In blender, put beans, cocoa, margarine and vanilla. Blend until well mixed. Combine with powdered sugar in large mixing bowl and beat 3 minutes until blended. Stir in nuts. Pour into greased pan. Refrigerate until set.

*NAVY BEAN PIE*
1 c. navy beans, cooked and mashed
4 eggs, beaten
1 3/4 c. sugar
1/2 c. butter or margarine
1 tsp. vanilla
Mix all ingredients thoroughly and pour into unbaked pie shell. Bake at 350 degrees until filling is set.

*PINTO BEAN PIE* (slightly different than the one in an earlier post)
1 c. cooked pinto beans
1 c. brown sugar, packed
1 c. granulated sugar
1/2 c. margarine, softened
2 eggs
2 tsp. vanilla
1/2 c. angel flake coconut

Mash beans, but not too fine. Cream sugars, margarine and eggs thoroughly. Add beans and vanilla. Pour into unbaked pastry shell. Bake in 350 degree oven, about 45 minutes. Tastes like pecan pie.

*WHITE BEAN PIE*
1 c. cooked Great Northern white beans, mashed
2 1/2 c. white sugar
1 tsp. vanilla extract
2 sticks margarine, softened
4 eggs
1 c. grated coconut
2 unbaked pie shells
Preheat oven to 375 degrees. Mix all ingredients together. Pour into pie shells and bake for 45 minutes.


----------



## *Andi (Nov 8, 2009)

PINTO BEAN CAKE

Now ... that's a new one on me!


----------



## TechAdmin (Oct 1, 2008)

*Andi said:


> PINTO BEAN CAKE
> 
> Now ... that's a new one on me!


It makes sense that it would work though.

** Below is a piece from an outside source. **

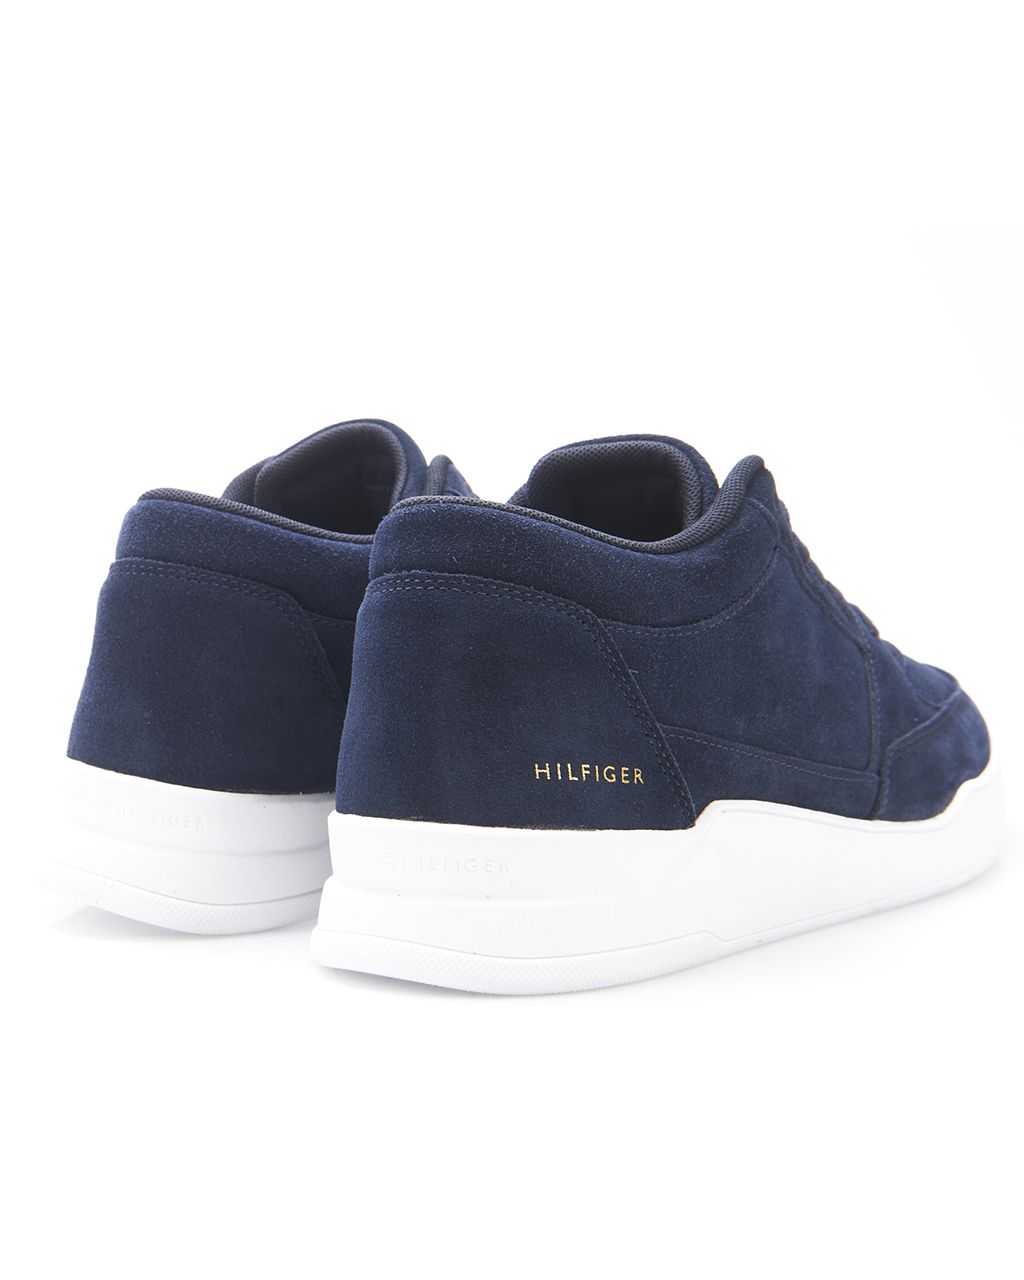 Tommy Hilfiger Menswear Casual schoenen Donker blauw 081206-001-41

Are the recipes beany? Taste of beans or do they resemble more the food they were named after? The Fudge especially.


----------



## Lake Windsong (Nov 27, 2009)

Dean,

IMO, the flavorings mask the 'beany' taste. My cousin takes the pinto bean pie to family get-to-gethers and people always fight over it like it was pecan pie. Ever made chocolate fudge with velveeta? To me it's the same thing, the cocoa is stronger than cheese or bean flavors.


----------



## mdprepper (Jan 22, 2010)

:threadbump:

I am looking for more/new ideas for beans!


----------



## mdprepper (Jan 22, 2010)

I had gotten some Roman (aka cranberry) beans (on sale) and then had to figure out what to do with them. I found this:

Suzie The Foodie: My Version of Food Network Magazine's Cranberry Bean Pasta Fagioli

My version was:

3 pieces bacon
1 small onion 
4 cloves garlic 
dried rosemary
dried pepper flakes
1 can roman beans (drained and rinsed)
1 can stewed tomatoes 
1 can spinach 
1 cup macaroni
4 cups water

I followed her basic instructions.

Yummy! Served with the Artisan bread recipe found here: http://www.preparedsociety.com/forum/f35/my-daughter-called-today-4147/index2.html:2thumb:

Today I will attempt to make Falafel and Pita bread :crossfinger: If it goes well, I'll post the recipes!


----------



## Reblazed (Nov 11, 2010)

WOW! I hadn't found this site when this thread was started ... lots of new ways to use all those beans. Thanks.


----------



## BizzyB (Dec 10, 2010)

re the bean cake... I bet that would be awesome with lentils. I remember the day I discovered just how quirky my crockpot was. I came back from a short errand to find that my pot of lentils (that was on low -- honest!!) had cooked dry and was forming a burnt crust inside. The overall effort was a failure, but the smell was wonderful -- sweet just like corn bread. And it was just lentils baking away...


----------



## mdprepper (Jan 22, 2010)

I made Falafel today. Recipe is here: Falafel | Hillbilly Housewife

They turned out okay, I think...I have never had Falafel before. They are definitely on the bland side. I think instead of just a creamy sauce I may add a hot/spicy sauce. I will make them again in the future. They were quick, cheap and easy to make.


----------



## weedygarden (Apr 27, 2011)

mdprepper said:


> I made Falafel today. Recipe is here: Falafel | Hillbilly Housewife
> 
> They turned out okay, I think...I have never had Falafel before. They are definitely on the bland side. I think instead of just a creamy sauce I may add a hot/spicy sauce. I will make them again in the future. They were quick, cheap and easy to make.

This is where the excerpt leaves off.